2月のうまいもん/酒粕料理
代用食をテーマに女子大生が新たな酒粕料理を創作
寒の時季に入ると、恒例の酒粕プロジェクトが催されます。酒粕プロジェクトは、11年前に酒粕文化の危機を憂いて始まったもの。酒粕の流通量が減少し、家庭でも料理が多様化したために関西では冬場になると必ず食卓に上がっていた粕汁さえ作る機会が減ってきたのです。悲しいことに徐々に酒粕文化が薄れて行ったのです。酒どころの灘や伏見を中心に酒粕の調理利用も時代と共に失われかけていたのが10年前くらいの出来事です。酒粕は、栄養も豊富で健康的要素もあるために食材として見直されており、しかも食材の味を引き出し、味をまろやかにするなど調理的効果も高い食材です。そこで、このまま酒粕文化が薄れて行くのは勿体ないとばかりに立ち上げたのが酒粕プロジェクト。酒粕料理が関西特有の食文化だと多くの料理人がその主旨を理解してくれ、毎年約30以上もの飲食店・企業・団体が参加しています。プロジェクト効果により、そのうねりは大きくなって今やちょっとした酒粕ブームを巻き起こすまでに至っているのです。そして2月から3月までの2カ月間は、参加飲食店で酒粕料理を提供しており、食の現場をあげて酒粕プロジェクトを盛り上げているのです。
酒粕文化の復活要因は、何もプロだけの表現に留まりません。一般人の参加も重要で、特にこれからの食文化の担い手となる若い人達へのアプローチも必要となって来ます。神戸酒心館では、大阪樟蔭女子大学とコラボし、フードスタディを専攻する女子学生に同校の授業「フードメディア演習」を通じて酒粕文化を伝えています。授業では「福寿」の酒粕を学生達に手渡し、酒粕の調理上での効用を考えてもらうと共に学生にオリジナルの酒粕料理を創作してもらいます。同授業を受講している三年生をチームごとに分け、各班でコンセプトを考えてオリジナル酒粕料理を考案してもらうのです。12月半ばにプレゼン大会を開き、そこで優秀賞に選ばれた作品を1月下旬の酒粕プロジェクト発表会で披露。飲食店で提供するプロ作品と肩を並べる形でマスコミ発表を行います。加えて、優秀賞に輝いた作品は、2〜3月の2カ月、「さかばやし」でメニュー化して提供する事が決まっています。
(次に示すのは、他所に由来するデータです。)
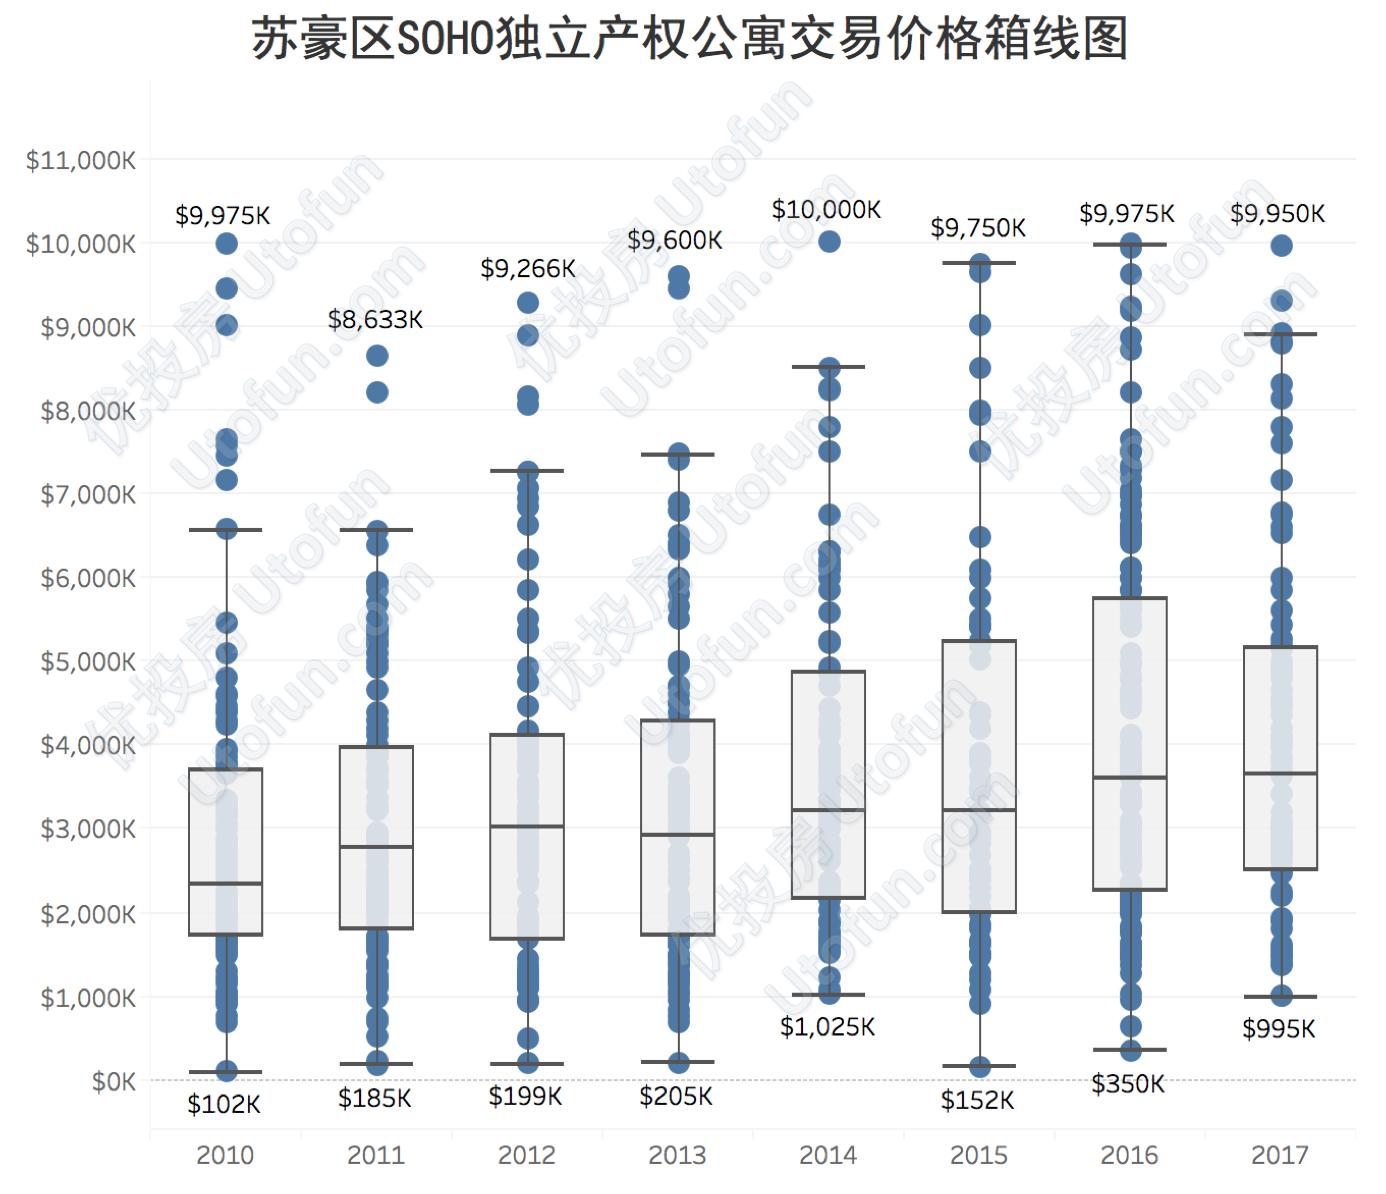 苏豪区SOHO独立产权公寓交易价格箱线图
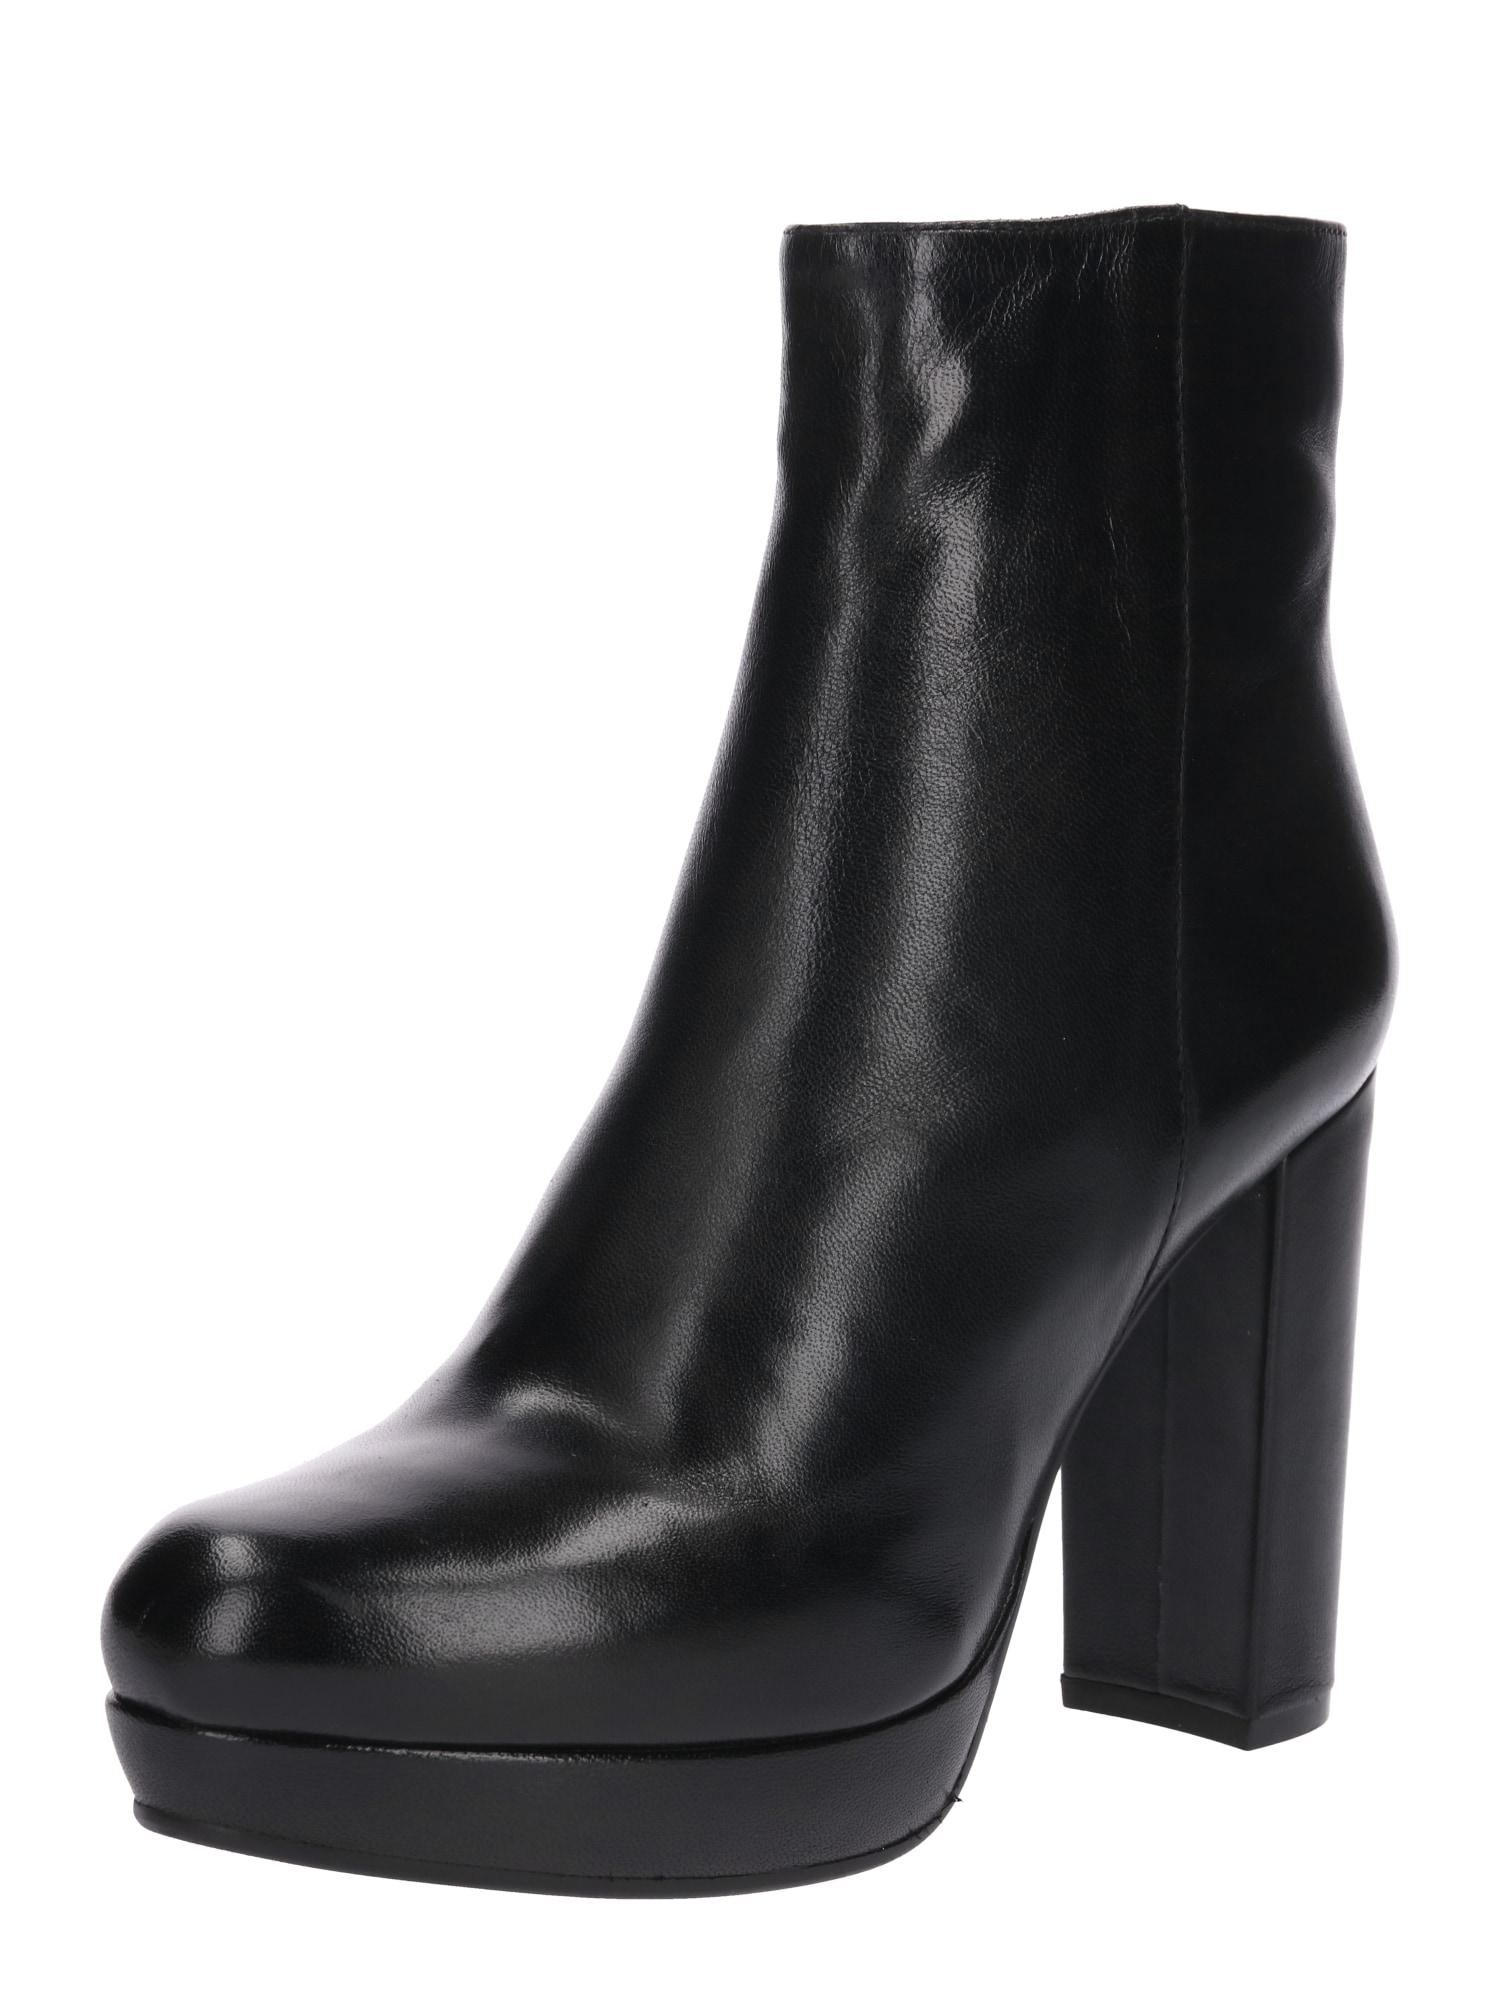 Kotníkové boty Nanpurl černá SPM

今年度の優秀賞に選ばれたのは、豊川いのりさん・河内屋柚乃さん・中西紗和さん・川本紗貴さんの4名が創作した「忘れ去られた麩の焼きを求めて〜くぎ煮としぐれ煮と酒粕あん〜」。彼女達は、千利休が茶会の和菓子として用いたとされる麩の焼きをモチーフに酒粕料理を具現化しました。本来、麩の焼きは小麦粉を水で溶いて薄く焼き、芥子の実などを入れて山椒味噌や砂糖を塗って味付けするのですが、彼女達は薄力粉と酒粕を混ぜて水でのばしてフライパン上で焼いて麩の焼きを作っています。この作品のコンセプトに掲げていたのは、なくなりかけて行くものへのオマージュ。メンバーの豊川さんは「いかなごの釘煮が好きなのに近年いかなごが獲れなくなってなかなか食せなくなりました。ならば釜揚げシラスで代用して模倣できないかと考えました」と語っています。シラスでいかなごの釘煮もどきを作り、麩の焼きに載せてメニュー化を試みました。二つ目は、昨今、二酸化炭素を多く排出する牛を飼わない方がいいとの見解も出てきていることから牛肉の代わりに大豆ミートを使い時雨煮にして麩の焼きに載せたものも合わせてSDGsメニューとして発表しています。また麩の焼き本来の和菓子要素も鑑み、三つ目はあんこと餅を使用したものを。チーズ代わりに酒粕を焼いているのもユニークな点です。この三つ目の和菓子風も加えて創作料理を完成させました。「さかばやし」では、シラスの釘煮・大豆ミートの時雨煮・あんこと餅、焼いた酒粕のこれら三つの要素を、酒粕を加えた麩の焼きに載せて提供します。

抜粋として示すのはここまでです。